I wrote after our train ride that Labrie's rejection of generous plea deals in the face of massive evidence that he had penetrated the 15-year-old girl (he denied they ever actually had sex) was arrogant. I also found Labrie taking the stand and, by the jury and judge's account, lying over and over again, to be eerie, even by the standards of criminal trials. This latest revelation—that, post-conviction, Labrie was regularly breaking the conditions of his bail—serves only to add an additional layer to the young man's already substantial hubris.
At the bail hearing Friday, Labrie's attorney Jaye Rancourt admitted he was breaking curfew but claimed the trips were to obtain legal counsel and to make in-person visits to supplement his online education. Though Labrie did tell me he was being privately mentored, Rancourt claimed the story he told me and the woman who sold him the bus ticket—that he was going to Cambridge to visit his girlfriend—was a lie.
In fact, he was protecting his academic endeavors, she explained to the judge. And the reason she did not ask to extend his curfew for these visits was, she said—gesturing behind her to the room packed with reporters—out of fear for the media attention the trips might garner. If his traveling pattern was publicized, Rancourt told the judge, there was a possibility that someone might try to harm her client.
The lawyer also released a statement in a court filing asserting that my conversation with Labrie was "off the record" and that I had "accosted" him, when the reality is that I introduced myself as a reporter, he greeted me warmly, and at no time did we discuss going off the record.

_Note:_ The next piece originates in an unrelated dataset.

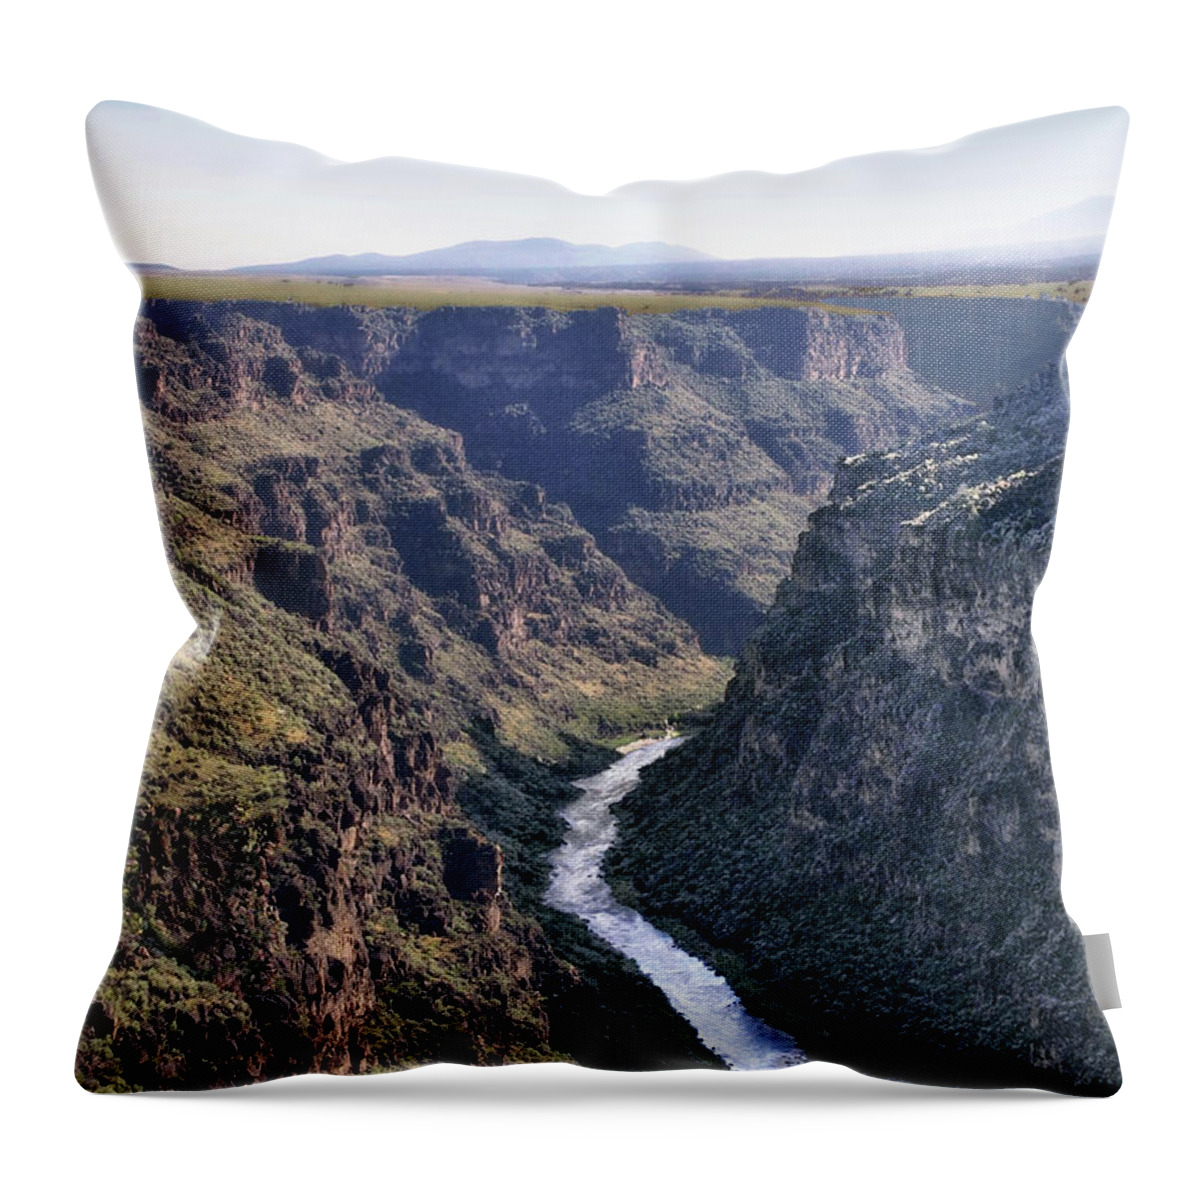 Rio Grande Throw Pillow featuring the photograph Rio Grande Gorge by Jim Hill

In the end, Judge Larry Smukler decided that it didn't matter why Labrie was breaking curfew—just that he did. Citing Labrie's "credibility" issues throughout the trial, he concluded that Labrie brought his fate upon himself. "You made the decision," Smukler told him.
In some ways, the St. Paul's rape trial has taken on the feel of a Greek drama. Labrie, the son of a schoolteacher and a landscaper, was the brilliant young student accepted into an elite circle of world leaders in training. These students are taught that they are the exception, that the rules need not always apply, and when the hand of accountability does come down, to "deny till you die," as a saying among Labrie's peers went.
Without the wealth enjoyed by many of his classmates, Labrie apparently clung to alternative measures of social standing in a place where success is measured on one hand by self-sacrifice, and on the other by how many underclass girls you can bang. Bonus points for sisters. Ultimately, that was his undoing.